From what I understand, this is likely a headless DOM emulator (HappyDOM), used for scraping or automated testing.
Here’s what I’ve tried so far:
Created a Firewall rule that matches the User-Agent containing “HappyDOM” and set it to Deny – but I kept seeing new requests marked as Allowed.
Tried again with a different rule using a partial User-Agent match and Deny – no effect.
Most recently, I added a rule using JA4 Digest, matching the fingerprint of these requests and also set it to Deny – but I’m still seeing requests from the same User-Agent in my logs, with status “Allowed”.
So far, nothing seems to stop these requests from going through.
My questions:
Is there a reason why these requests still appear as Allowed even after being matched by Deny rules?
How can I ensure that these requests are fully denied and do not hit my site at all?

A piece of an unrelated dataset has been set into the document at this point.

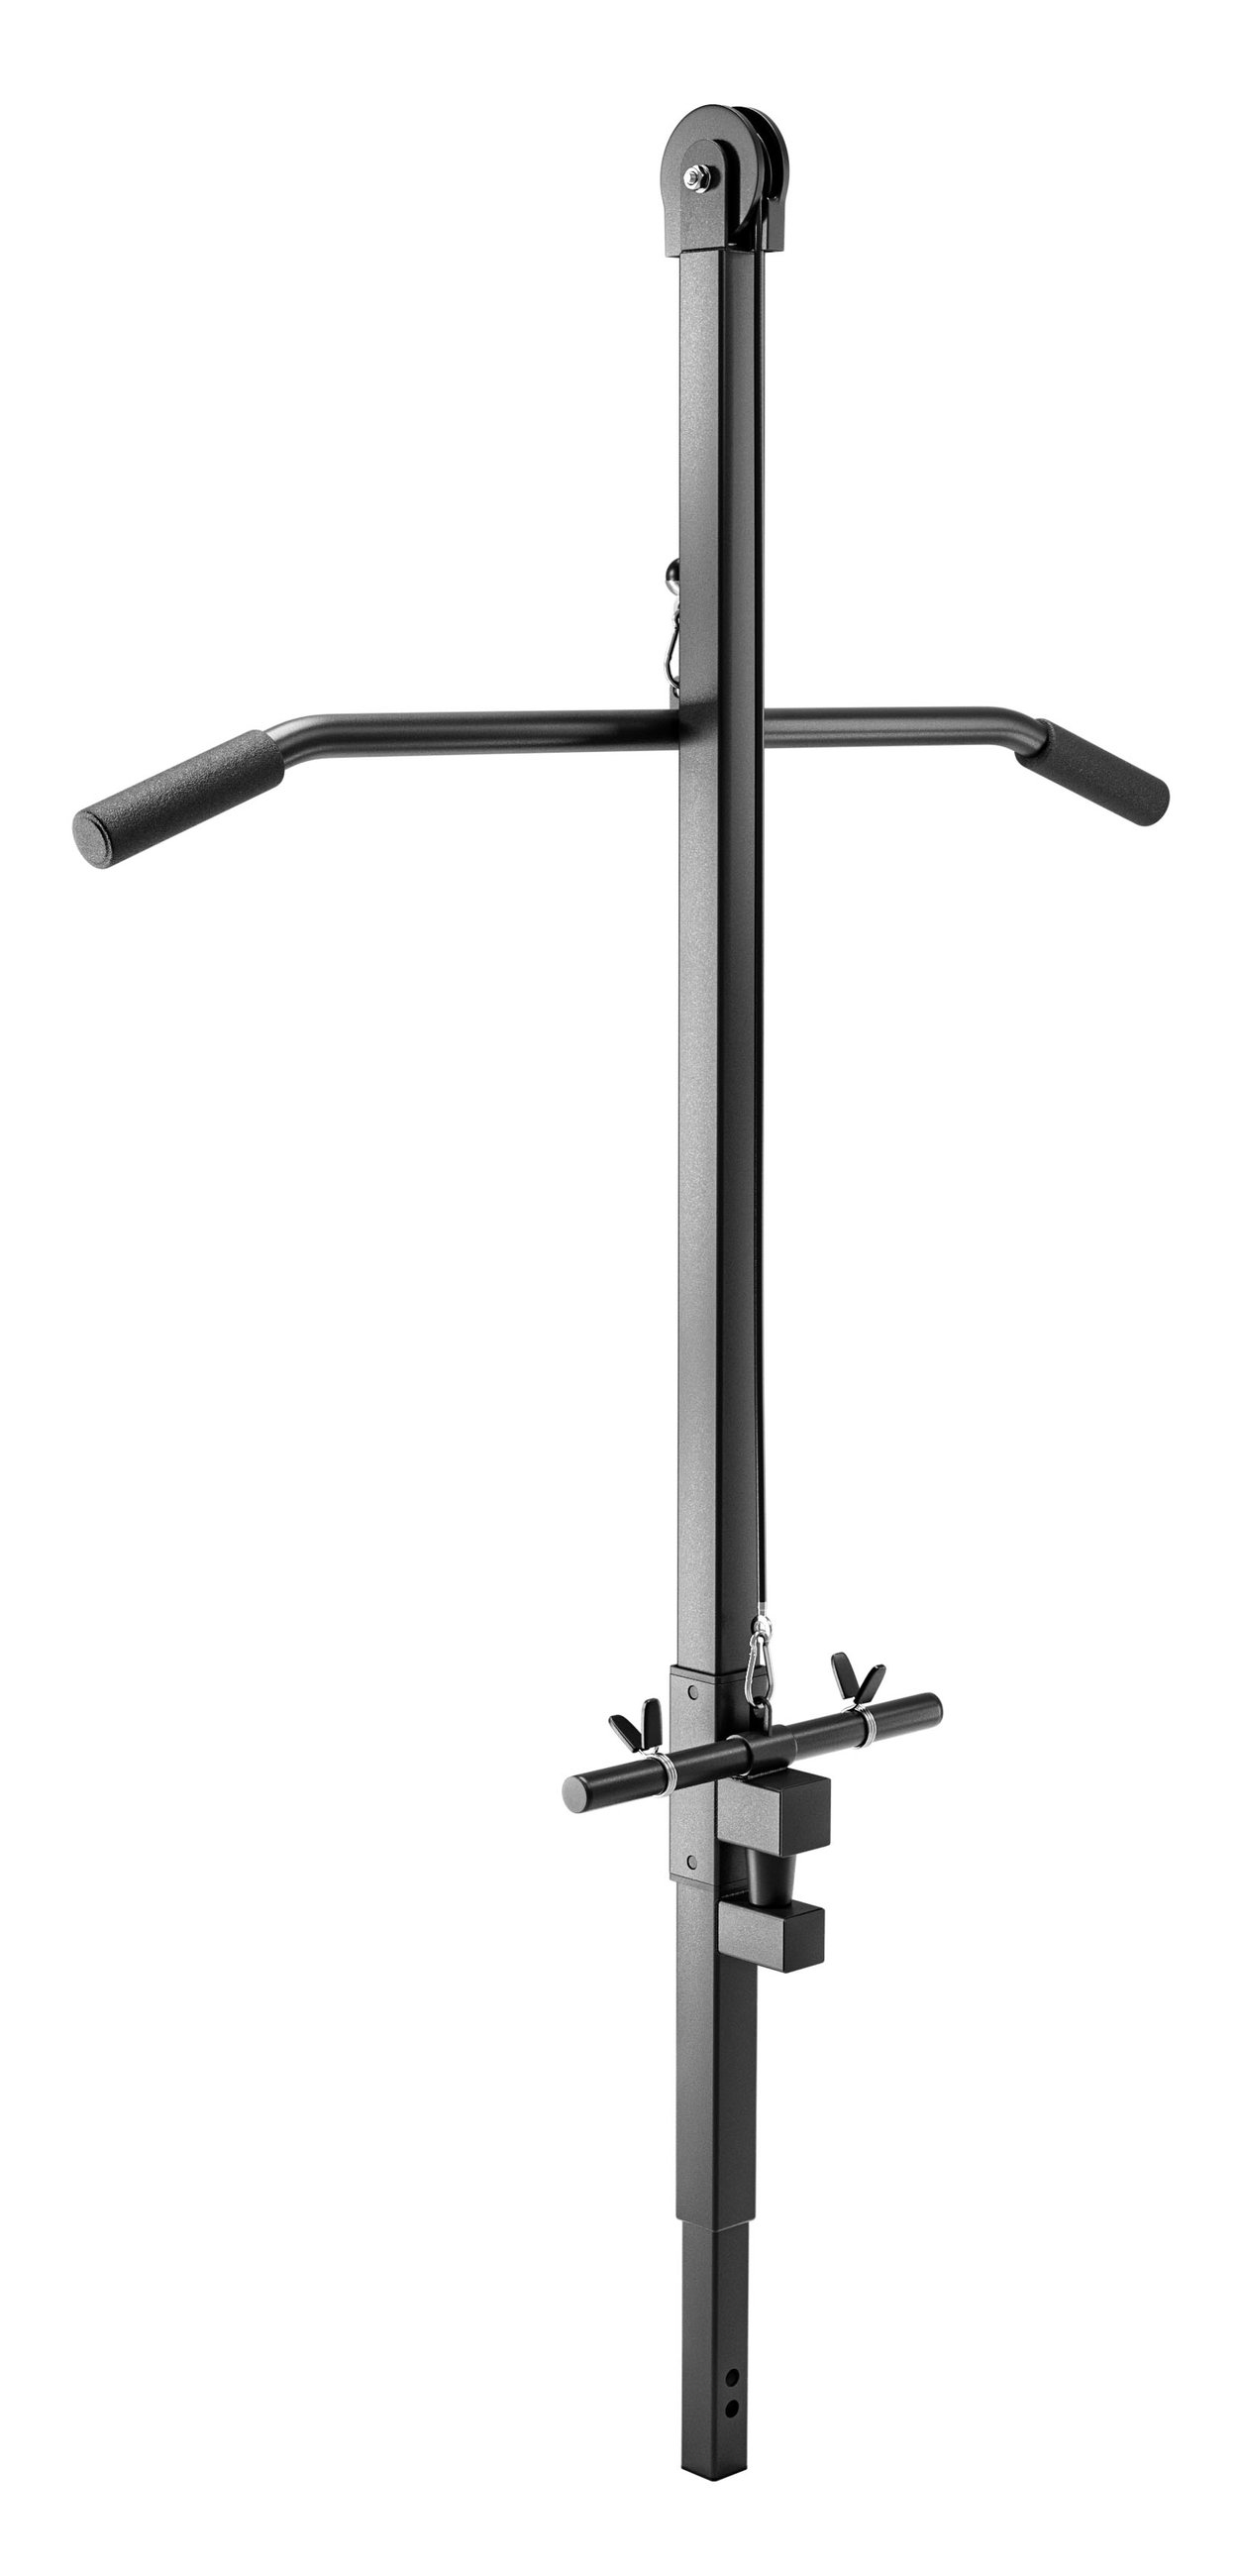 Lat Pulldown Attachment for Weight Benches 1075, 1065HB, 1055,TX-020

For context, my site is a mostly static Next.js project using SSG (static site generation). The only dynamic part is a single API route that handles search queries. I’m hosting it on Vercel (Hobby plan) with a custom domain. The site hasn’t been submitted to Google or any search engines, so I wasn’t expecting any crawler or bot activity at this stage. That’s why these repeated HappyDOM requests are concerning.

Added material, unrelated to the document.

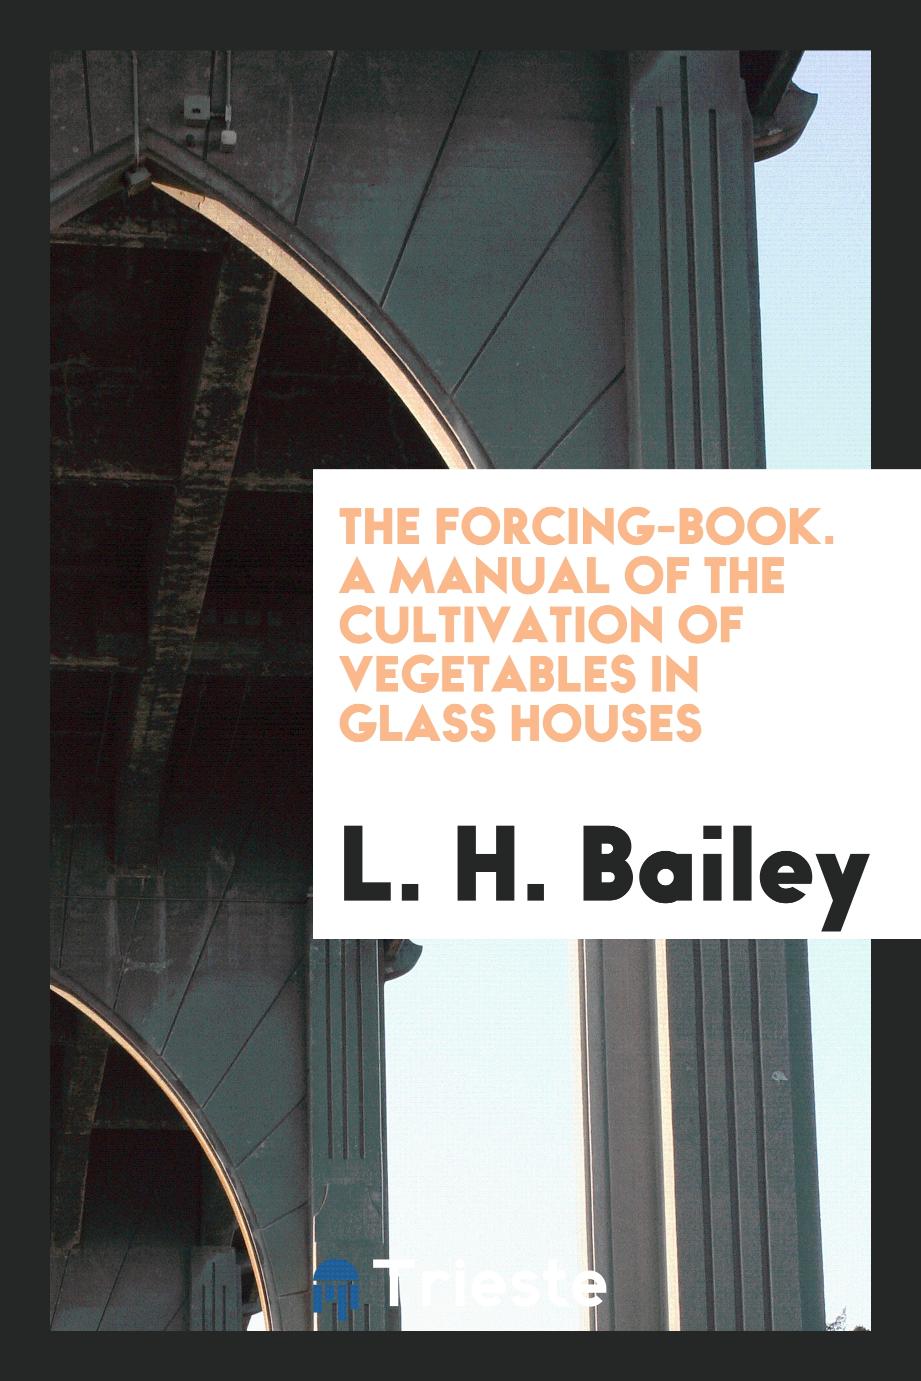 The Forcing-Book. A Manual of the Cultivation of Vegetables in Glass Houses

Mozilla/5.0 (X11; Linux x64) AppleWebKit/537.36 (KHTML, like Gecko) HappyDOM/0.0.0 is an User-Agent not JA4 digest, so you need to set the Rule accordingly
I had a JA4 Digest rule earlier but removed it after your clarification.
I haven’t re-added the User-Agent rule yet, because when I previously tried blocking by HappyDOM in the User-Agent string, the requests were still marked as Allowed.